What’s Cooking in Gail’s Kitchen? Start Smart: Tuna Tartare with Seaweed! Do you wrinkle your nose when you hear the word “raw”? Some people get a little squeamish. How about if you see the word “sushi”? My grandkids’ eyes light up and their mouths begin to salivate. See the difference? “Tartare” is a fancy word for raw meat or seafood. In Hawaii, you may see the words “Ahi Poke”, which is a healthy raw tuna dish made with the best tuna right out of the sea. By adding a mixture of ginger, garlic, sesame oil, and red pepper flakes, the flavor becomes incredibly irresistible. Check out the closest Asian Deli to pick up a container of ready-to-serve seaweed salad. It’s already marinated in a delicious sauce. Together on a plate, you’ve just created a masterpiece.
TUNA TARTARE WITH SEAWEED
2 ahi tuna steaks, cut into 1/4” cubes
3 tablespoons organic soy sauce
1 teaspoon sesame oil
1 teaspoon chili garlic sauce
1 tablespoon toasted sesame seeds
1/2 green onion
1 red jalapeño pepper, sliced
4-ounce container of prepared seaweed salad
Green onion slivers for garnish
Pat ahi tuna dry with a paper towel. Transfer to a bowl. Add organic soy sauce, sesame oil, chili garlic sauce, toasted sesame seeds, the chopped white ends of the green onions, and the red jalapeño pepper slices. Gently toss to coat. Cover and refrigerate one hour. To serve, place prepared seaweed salad on a plate. Layer ahi tuna over salad. Garnish with the remaining green onion curls.

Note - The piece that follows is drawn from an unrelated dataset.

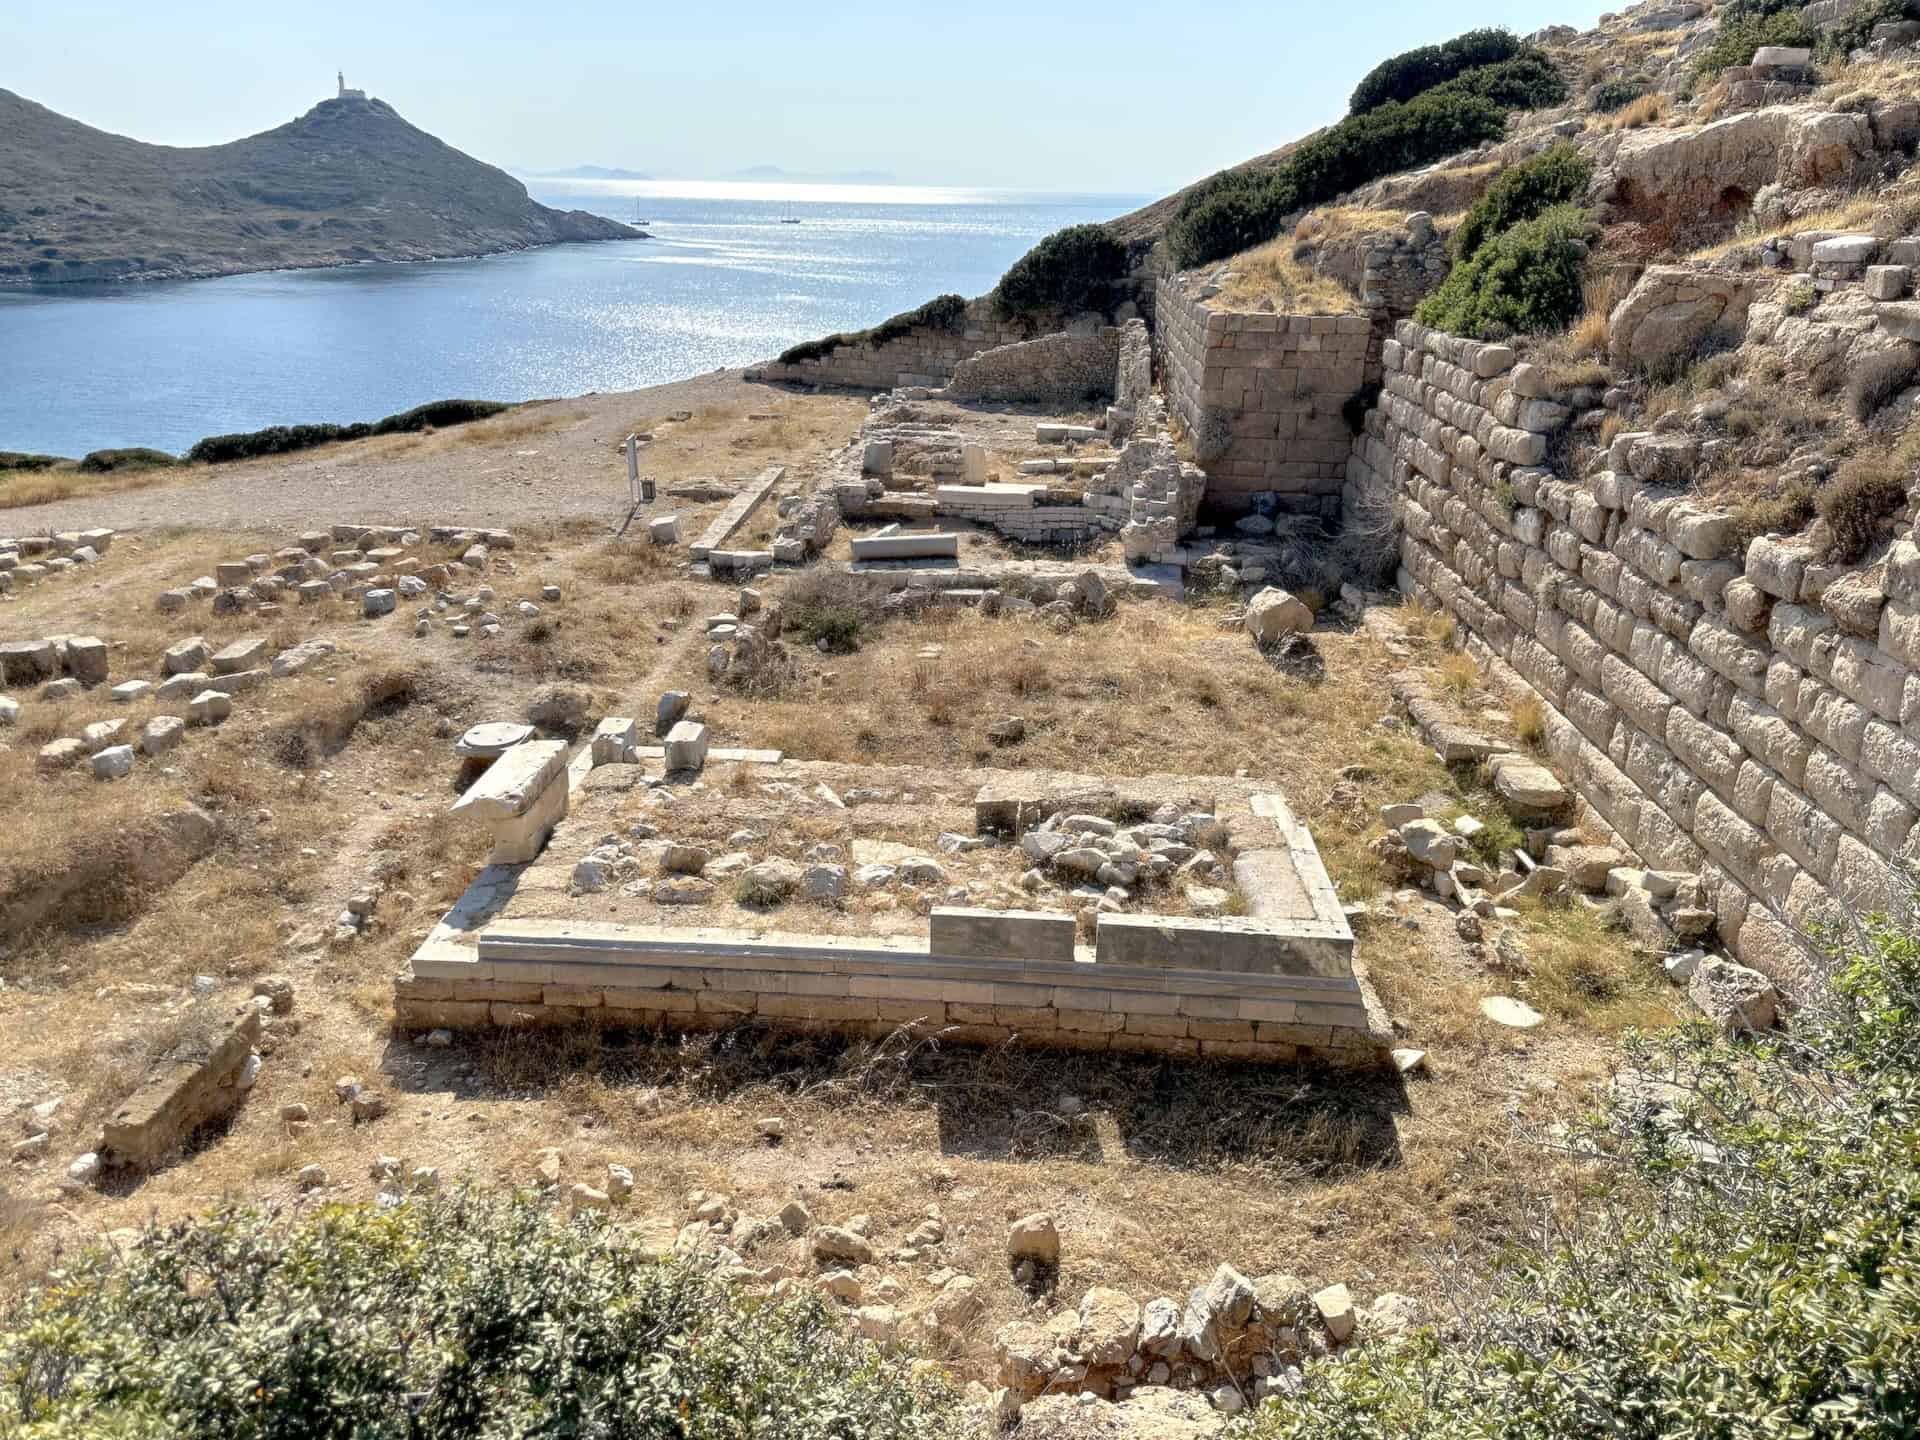 Temple of Apollo (rear) and altar (front) at Knidos on Datça Peninsula, Turkey

What’s Cooking in Gail’s Kitchen? Start Smart: Marinated Mozzarella Flatbread! You’re probably like everyone else right now and could go to the freezer to pull out a prepared flatbread for supper. Another shortcut is to use marinated mozzarella cheese which already comes sliced in a blend of herbs and olive oil. Oftentimes, I freeze a surplus of cooked meat as well. In this case I already had seasoned Italian sausage, but you could certainly switch things up with pepperoni or sun-dried tomatoes. That’s the beauty of cooking at home. The results bring satisfaction. Just be careful of those piping hot stretchy cheese pulls.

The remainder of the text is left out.